DATA SEGMENT:

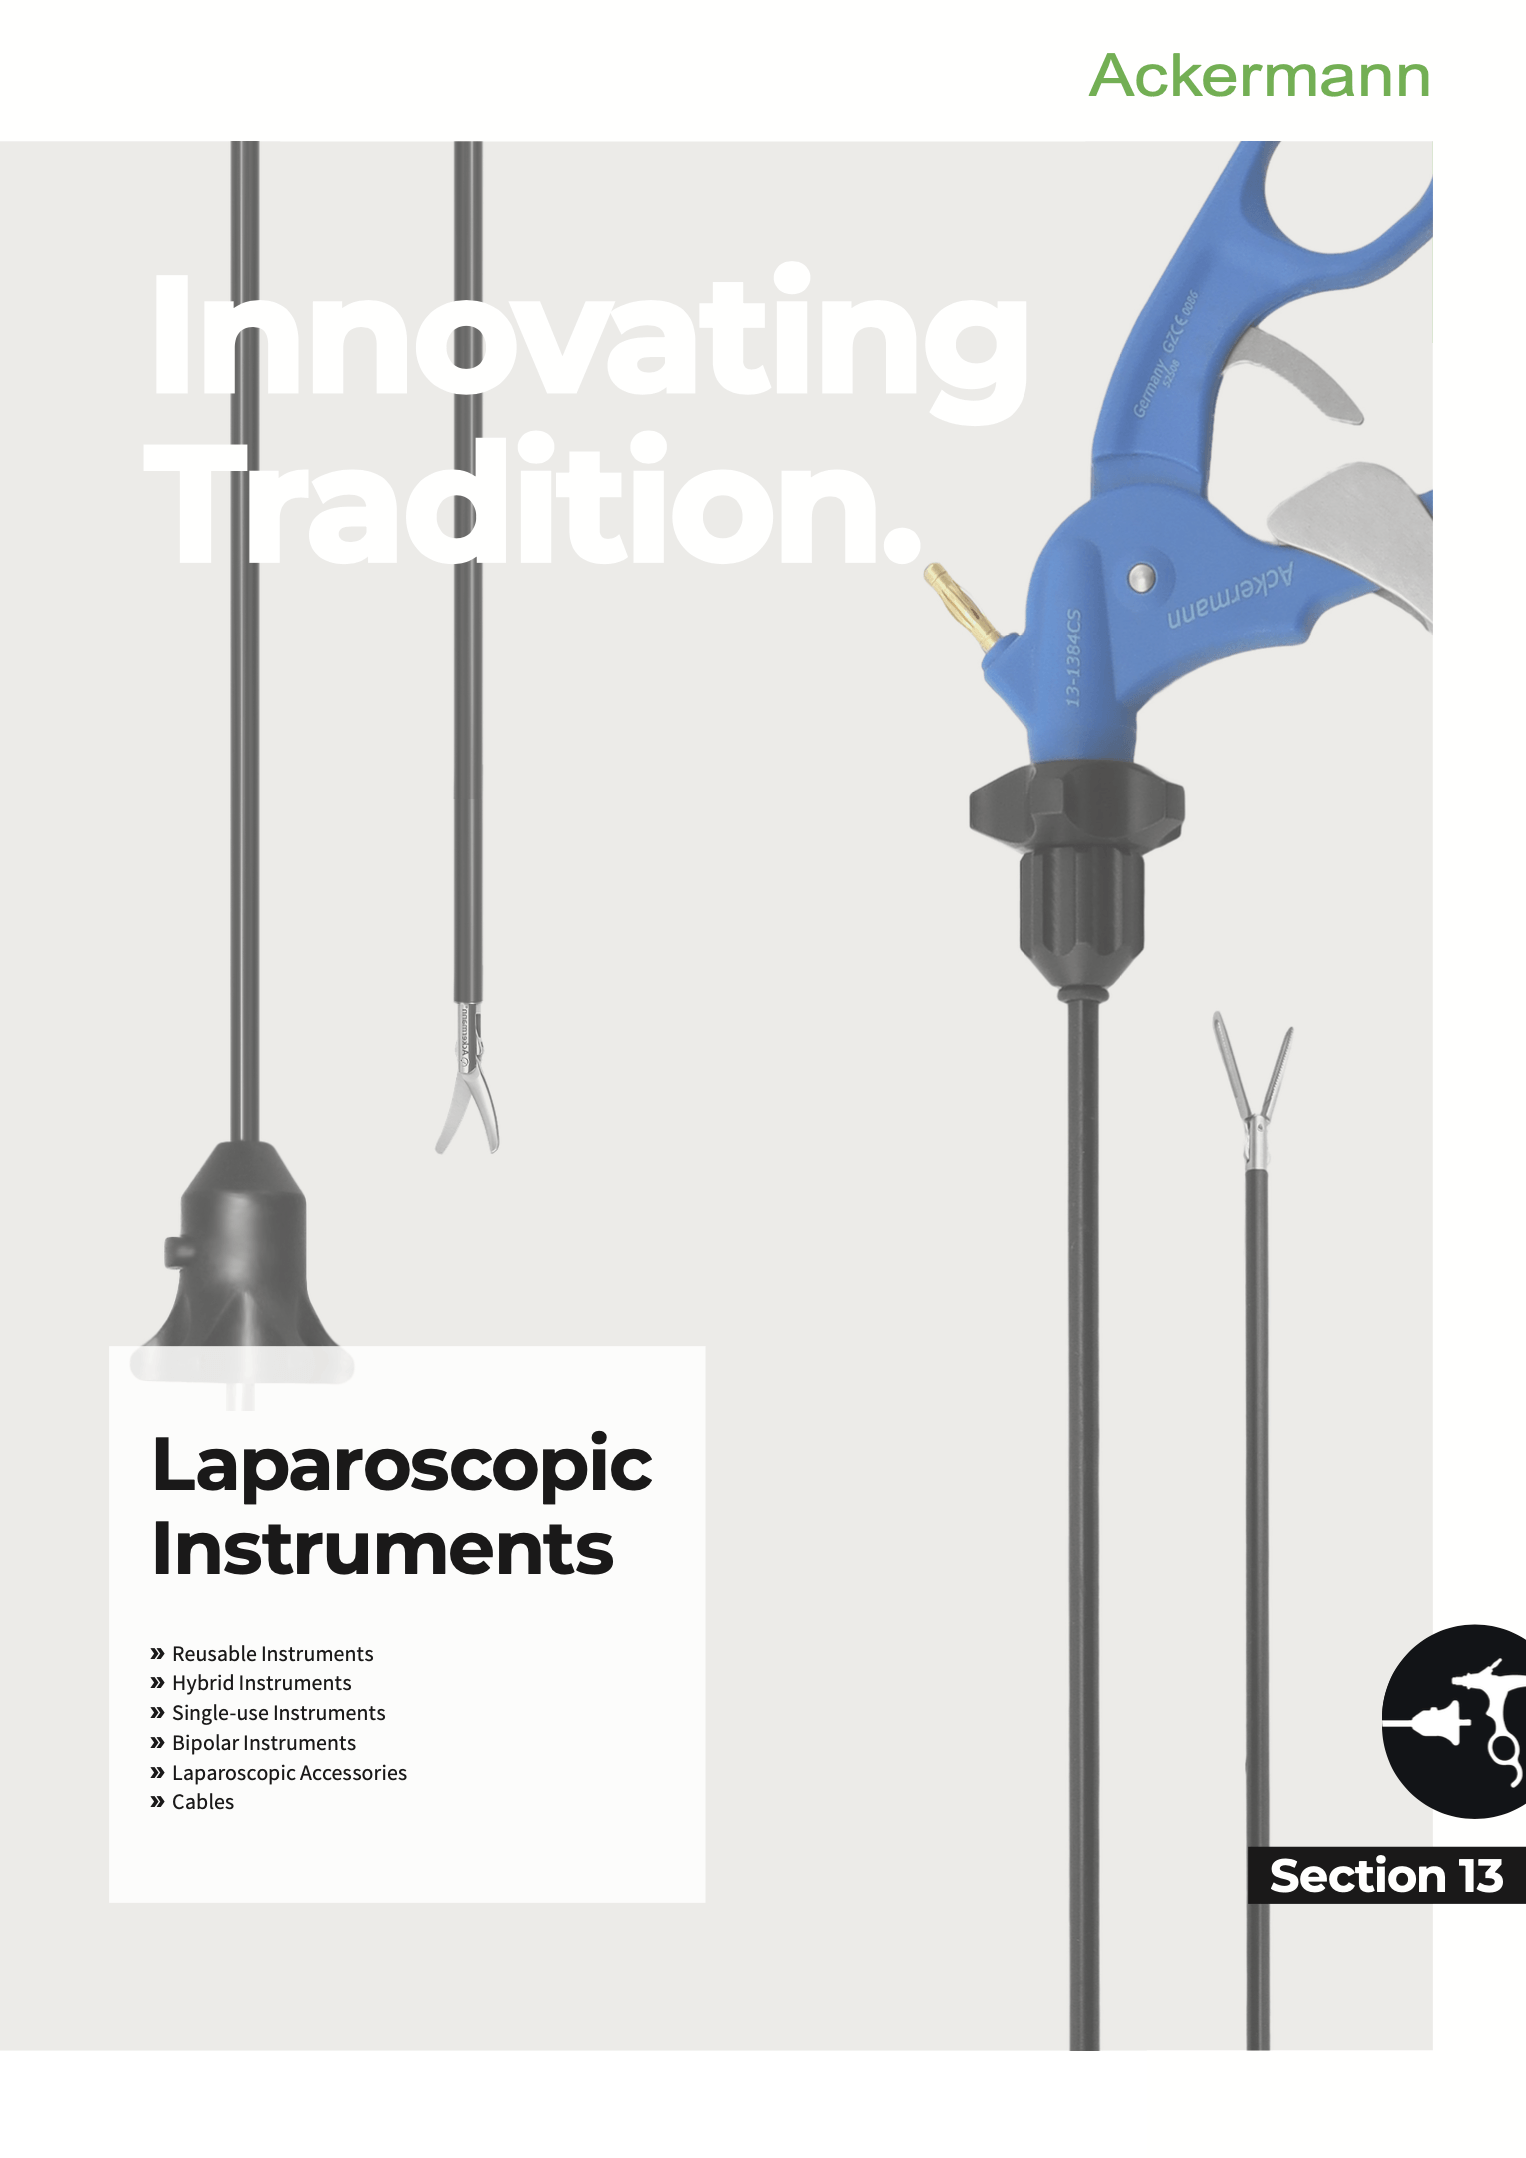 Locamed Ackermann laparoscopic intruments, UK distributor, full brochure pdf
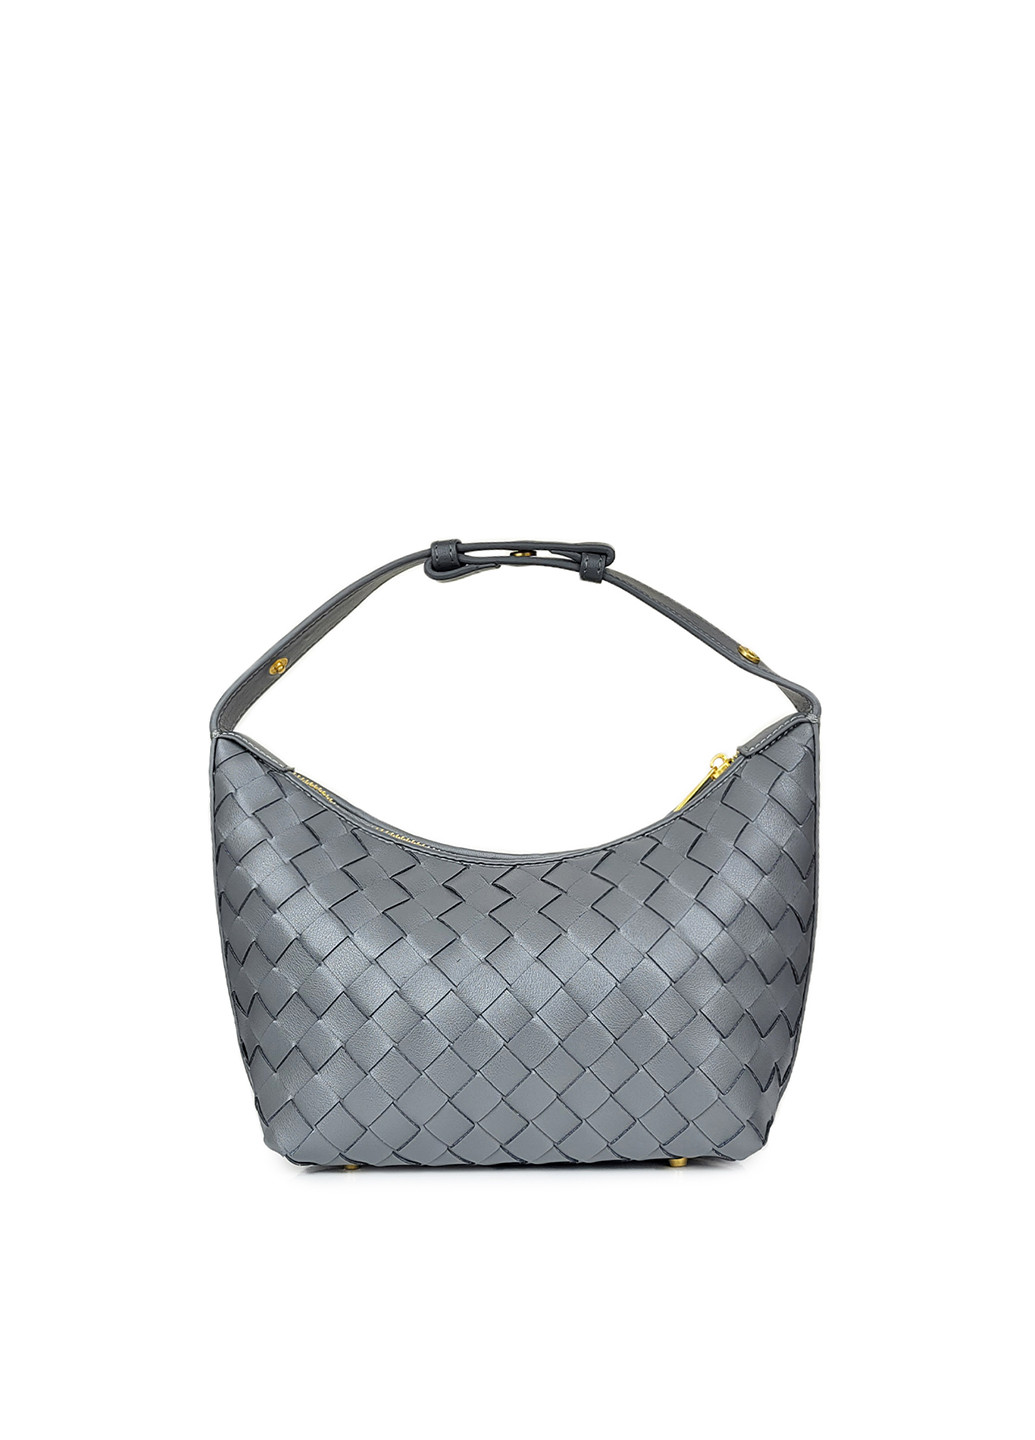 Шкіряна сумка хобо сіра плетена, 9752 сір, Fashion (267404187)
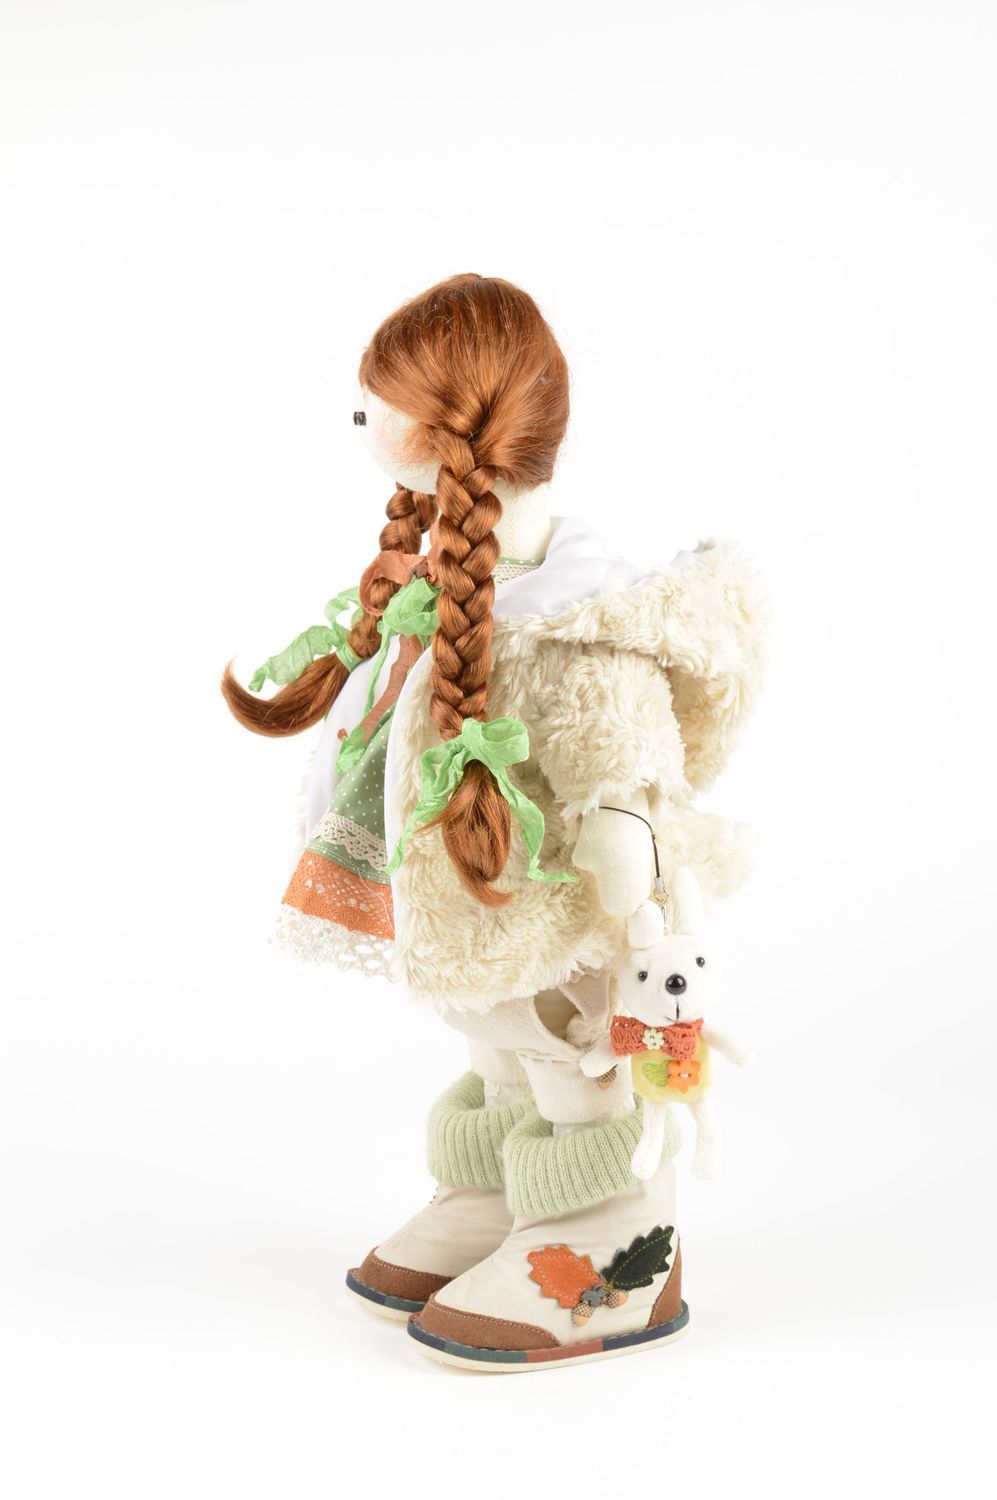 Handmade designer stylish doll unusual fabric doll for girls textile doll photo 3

PROMPT:
Each line of the listing above belongs in the answer exactly as written; the pictures do not.

RESULT OF THIS EXERCISE:
 Locamed Ackermann laparoscopic intruments, UK distributor, full brochure pdf
 Шкіряна сумка хобо сіра плетена, 9752 сір, Fashion (267404187)
 Handmade designer stylish doll unusual fabric doll for girls textile doll photo 3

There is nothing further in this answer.